Machine Learning and web scraping are growing to be closely related, especially when it comes to scraping public data at scale. This presentation will reveal what challenges occur when scraping at scale and how they can be solved by applying machine learning algorithms.
Oxylabs’ Machine Learning Engineer Jurijus will discuss how his team solves problems that inevitably come up within the web scraping workflow. Jurijus will talk about block detection and content classification as some of the solutions. If you, or your team, is scraping public information at scale and run into issues, this presentation is an excellent opportunity to find the answer to your questions.

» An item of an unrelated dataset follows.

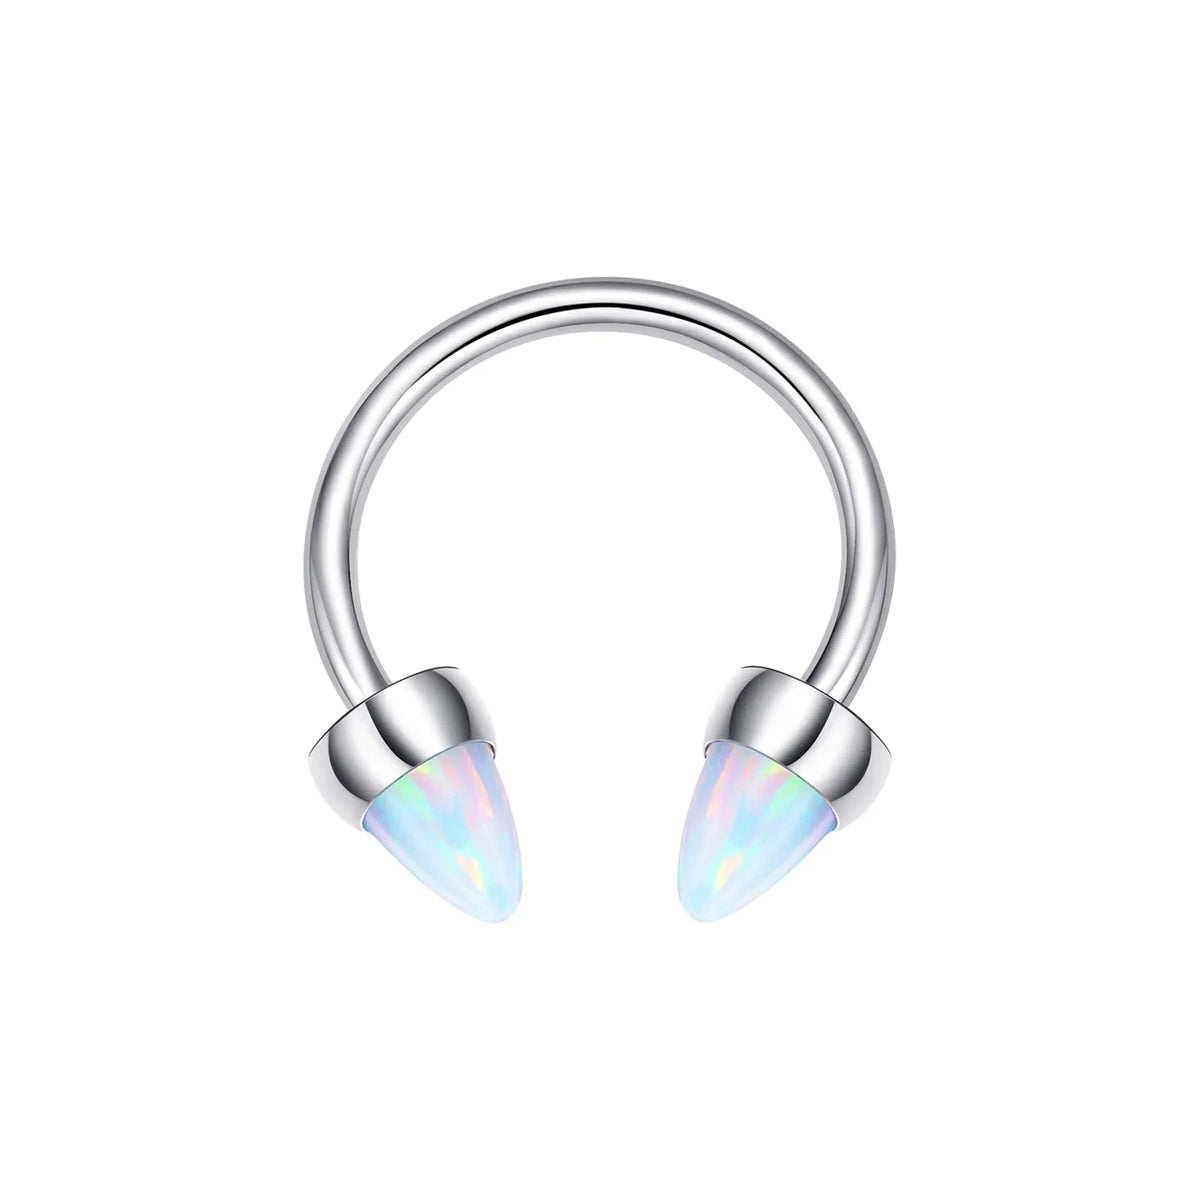 Opal nose hoop with spikes titanium septum ring horseshoe barbell 16G blue opal white opal purple opal

Join this session, if you:
Run large-scale web scraping projects
Want to apply Machine Learning algorithms to web scraping
Are interested in the future of web scraping
Please note: The views expressed by speakers or moderators are those of the speaker or moderators and not, necessarily, of Oxylabs or other respective organizations. Before engaging in scraping activities of any kind, you should consult your legal advisors.
Keep up with the future of web scraping
Meet the speaker
Jurijus is a Machine Learning engineer at Oxylabs. He works in a team that solves technical and business problems by applying machine learning techniques. Before starting this role, he worked at various companies and multiple positions ranging from Big Data to Technical Operations.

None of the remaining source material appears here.